Once every minute and for no good reason, a bit flips in a supercomputer at Los Alamos National Laboratory, causing an error. All of a sudden, say, 1 + 1 = 3.
Bits are the basic currency of all digital information. They come in two flavors, zeroes and ones. As a computer does its work, bits are called from disk storage, zip through processors and park temporarily in memory. When a bit randomly jumps from 0 to 1, it might alter a calculation or hide a piece of information. Computer engineers call it a single-event upset or a fault.
These upsets are tripping computers of all sizes more frequently, not just at the lab, but in the broader computing world, too. For Los Alamos, with a dozen-plus supercomputers running jobs vital to national security and other important science missions, single-event upsets are a fact of life because of the density of components.
A fault can play out a few ways. Sometimes nothing happens – the hardware corrects itself. Other times, the program or even the entire system crashes in a detectable event. It’s like a flat tire, wasting lots of time as system administrators restore programs and data. In the worst case, an upset goes unnoticed. A scientific calculation might come back with the wrong answer, but nobody knows. That’s rare, but it happens.

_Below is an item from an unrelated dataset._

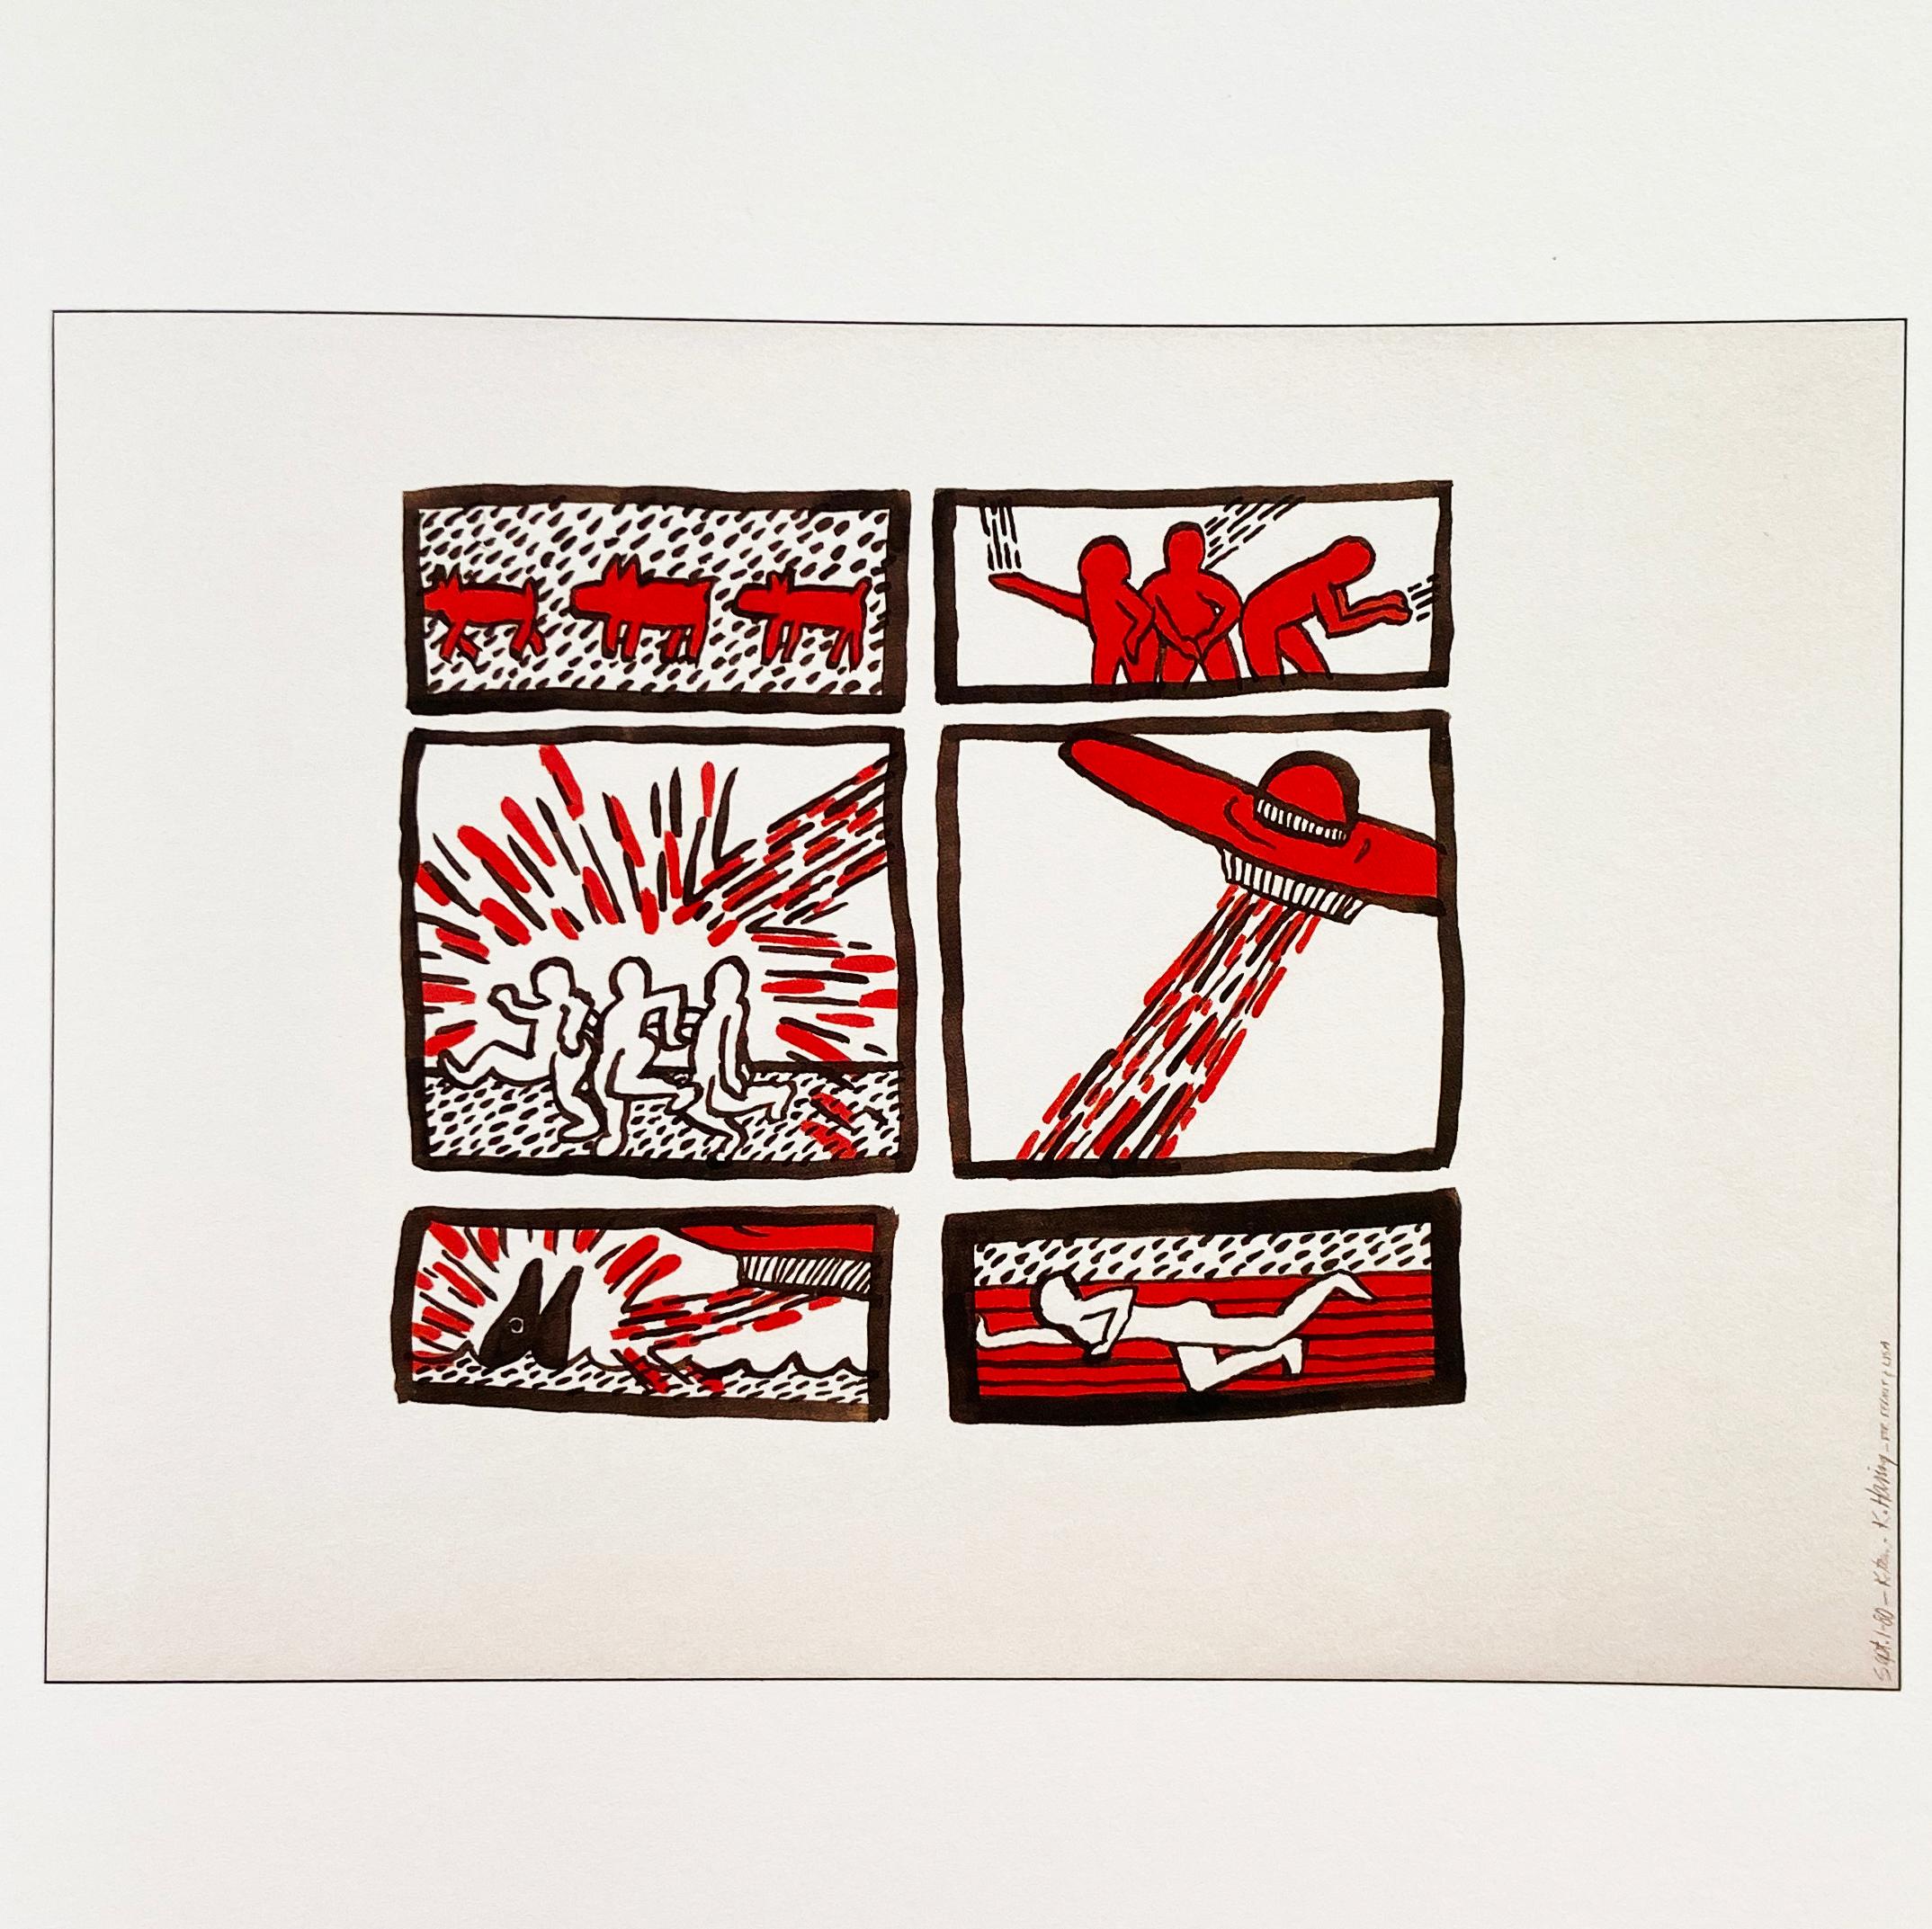 Keith Haring 1990 memorial (announcement + catalog Keith Haring death) - Contemporary Print by (after) Keith Haring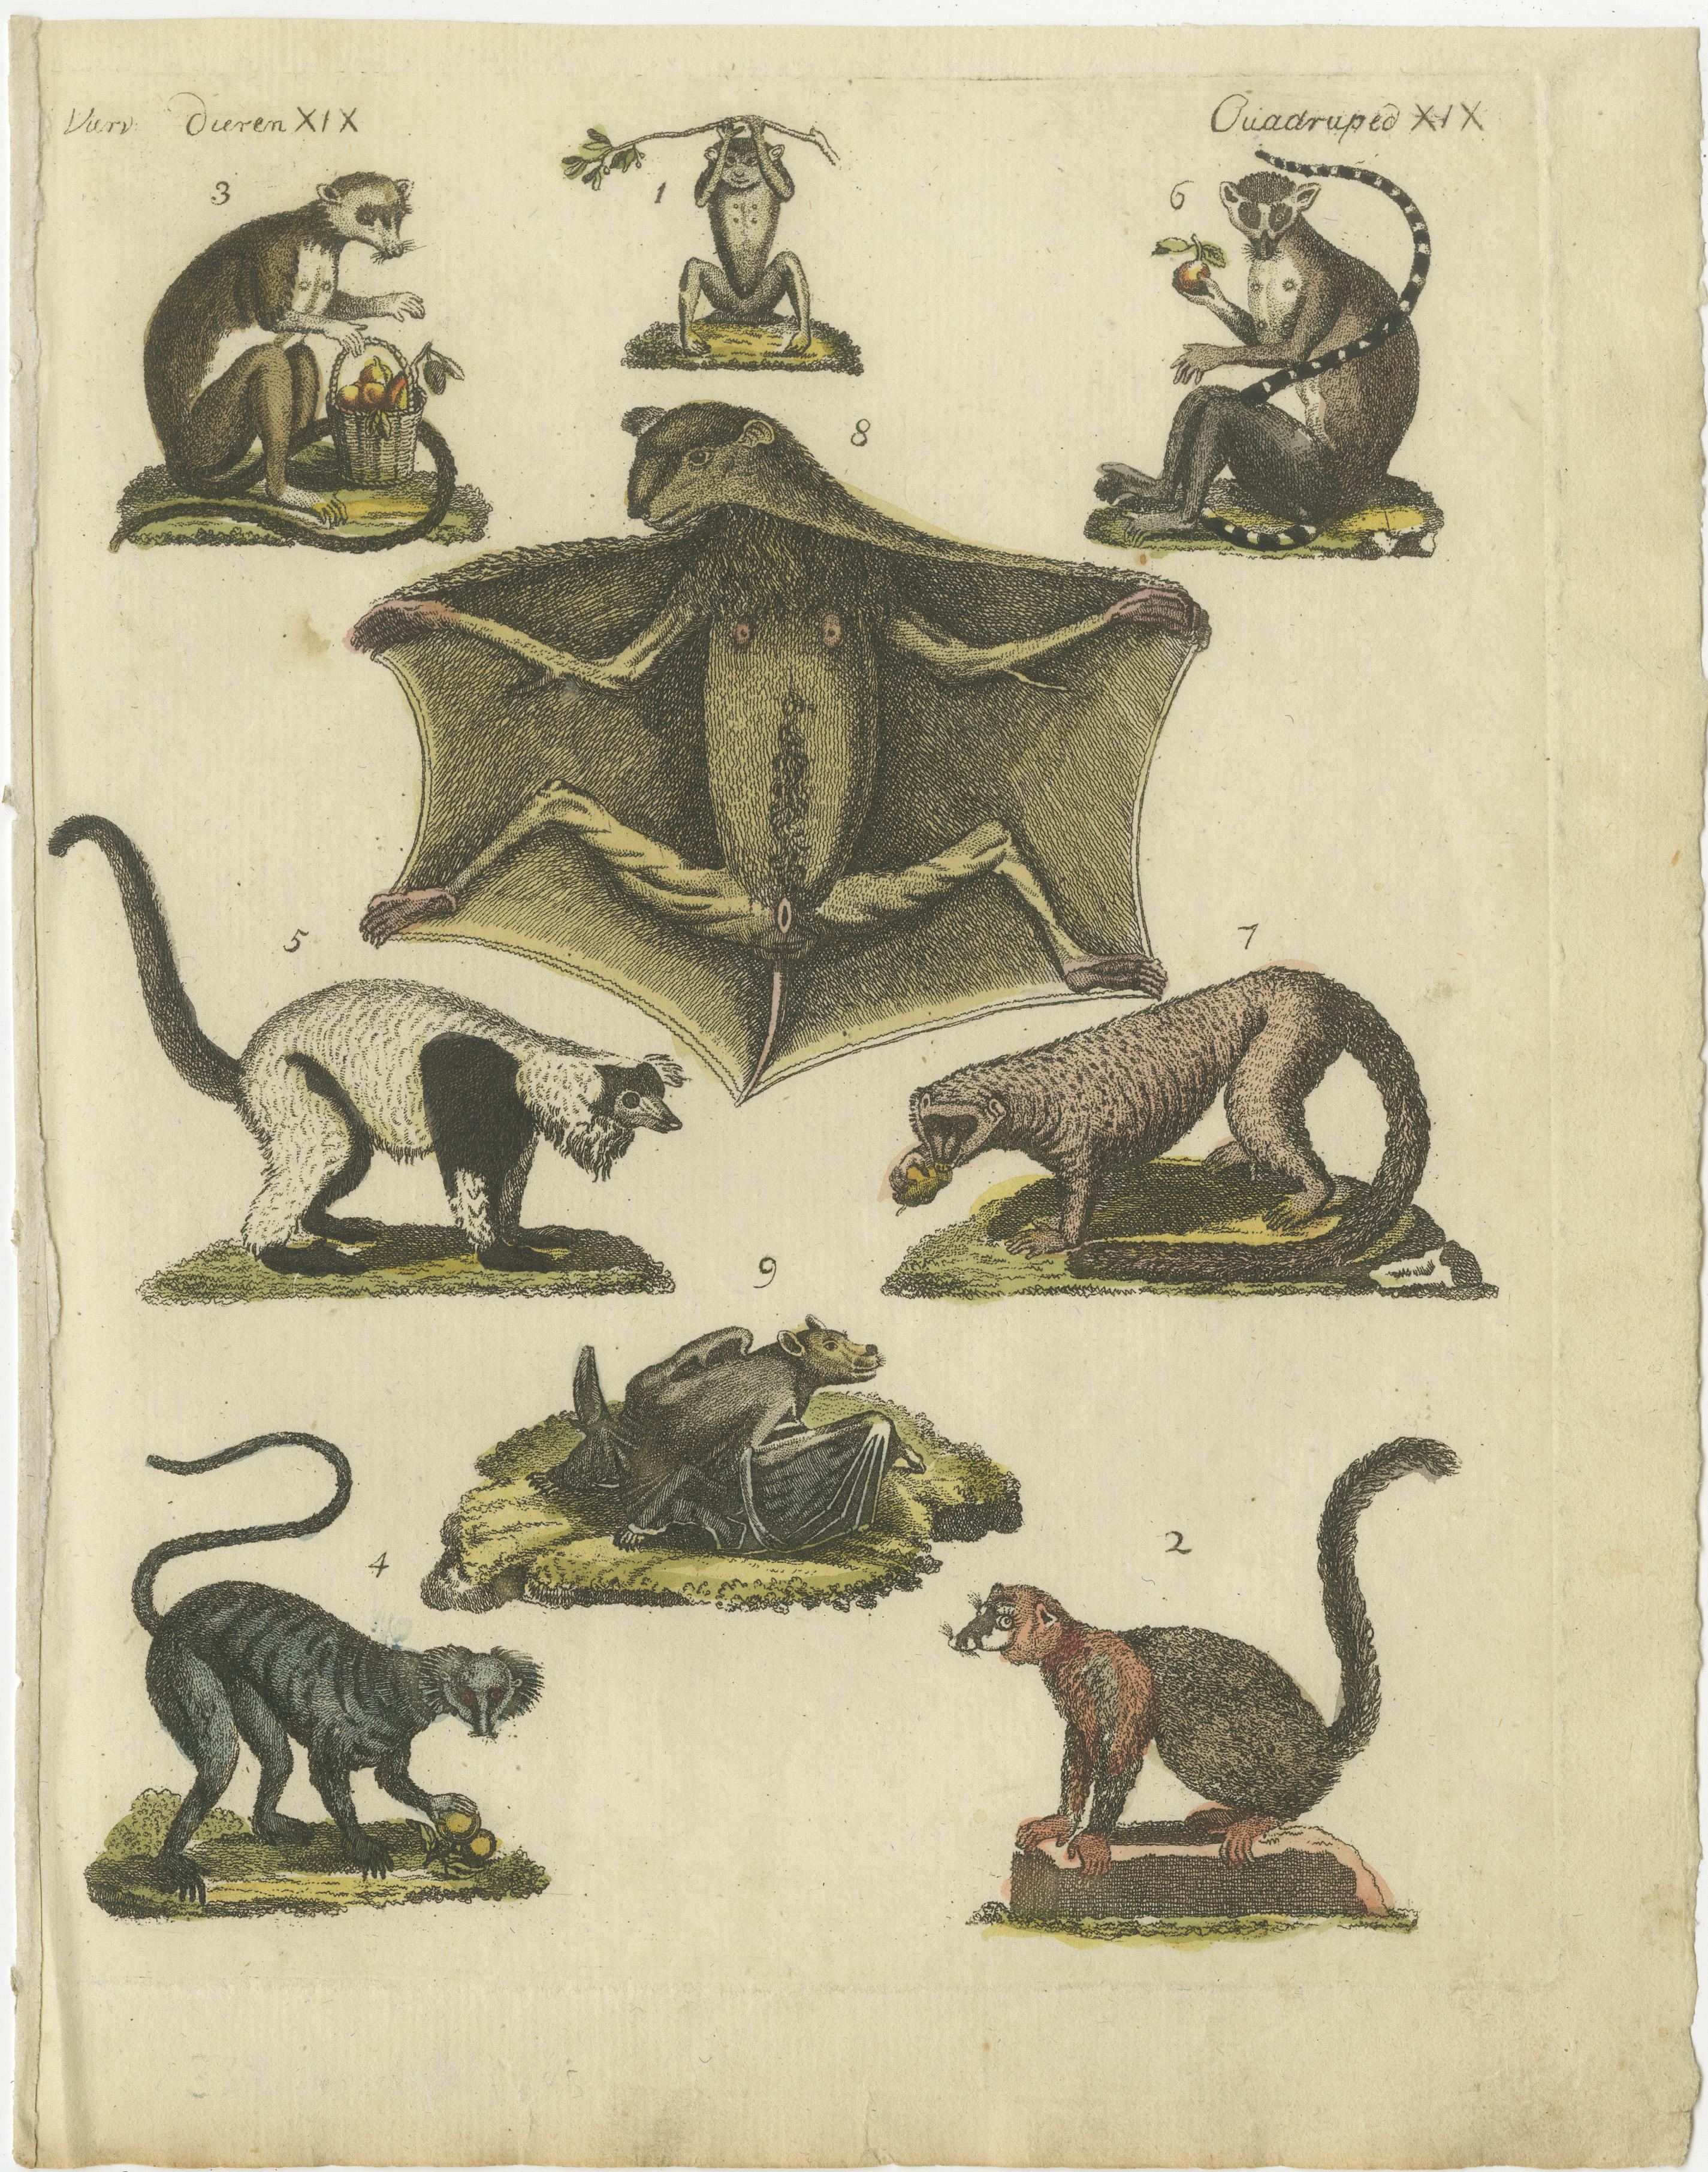 Original antique print of lemurs and the extinct Mauritian flying fox or dark flying fox (Pteropus subniger), known as a rougette to early French travelers. This engraved print originates from a very rare unknown Dutch work. The plates are similar

Upsets can result from excessive heat, a voltage spike, or – get ready for it – particles from outer space. Those particles are neutrons, and a team of physicists, space scientists and computer engineers at Los Alamos are researching just how much trouble they cause. Are cosmic-ray neutrons a major culprit or a minor irritant? Understanding that will help the team create strategies for best managing the upsets.
Normally, protons and neutrons stick together to form the nucleus at the center of an atom. The trouble starts when high-energy cosmic rays – mostly protons from remote cosmic cataclysms – knock neutrons and other particles loose from atoms in the atmosphere. Every hour, eighty-some cosmic-ray neutrons strike a surface the size of a computer’s central processing unit, or CPU.
Most neutrons miss the nuclei of atoms in a CPU and pass right through. Eventually, though, a neutron hits a nucleus. If it’s a very high-energy, or fast, neutron, it bounces the struck nucleus right out of its home in the silicon chip. An upset occurs, corrupting data. Upsets are more likely to happen in supercomputers because they are densely packed with tens of thousands of CPUs – that’s what makes them super.
As the backbone of the nation’s Stockpile Stewardship Program, the largest Los Alamos supercomputers hum away night and day in a data center the size of a football field. Their primary job is running the physics simulations related to assuring the nuclear stockpile is a safe, secure and effective deterrent in the absence of nuclear testing, but they also run jobs for a wide range of other scientific disciplines. Engineers track the errors. Often when an upset strikes during the billions of calculations happening every second, complex engineering in the hardware and software corrals the problem. But that can mean lost time and diminished productivity.
As the Los Alamos team began studying single-event upsets, they saw more faults at the top of the vertically stacked component racks than at the bottom. They wondered, was it because the computers are cooled from the bottom to the top? Or are the top racks exposed to more fast neutrons while also, in effect, shielding the lower racks? Is it both?
The Lab team approached the problem from a few angles. They needed to measure and benchmark error rates caused by fast neutrons, so they bombarded the computer parts in the neutron beam at the Los Alamos Neutron Science Center (LANSCE). Another part of the team purchased neutron detectors the size of a one-liter soda bottle and will soon start using them in the supercomputing center to measure the background fast-neutron rates. Others on the team are applying a computer code developed for modeling nuclear physics to study how cosmic rays interact with computers and buildings, which will help understand how the neutrons from outer space interact with the supercomputing center and the computers in it.
Using data from the detectors, the team will compare the number of neutrons hitting the computers to the number of faults in the componentry. Information from the LANSCE tests will tell the team how many of those faults were likely caused by fast neutrons. Having a more complete picture of the neutrons and their impact will support developing new ways of detecting the faults, blocking them and cleaning up the computer systems afterwards.
Keeping the Los Alamos supercomputers running at peak efficiency directly supports national security. These single-event upsets will be everyone’s problem someday as miniaturization increases the density of CPUs and memory chips. The upward trending curve of errors gets steeper as computers become more widespread in our phones, tablets, smart-house systems, airplanes, cars, all the controllers in the internet of things – the list seems endless. Armed with a better understanding of this neutron bombardment from space is a strong first step to keeping our digital world humming along.
Suzanne Nowicki is a nuclear physicist in the Space Science and Applications group at Los Alamos who designs instruments for spacecraft. Nathan DeBardeleben is a computer engineer in High Performance Computing-Design who studies resilience and radiation effects in high-performance computing systems.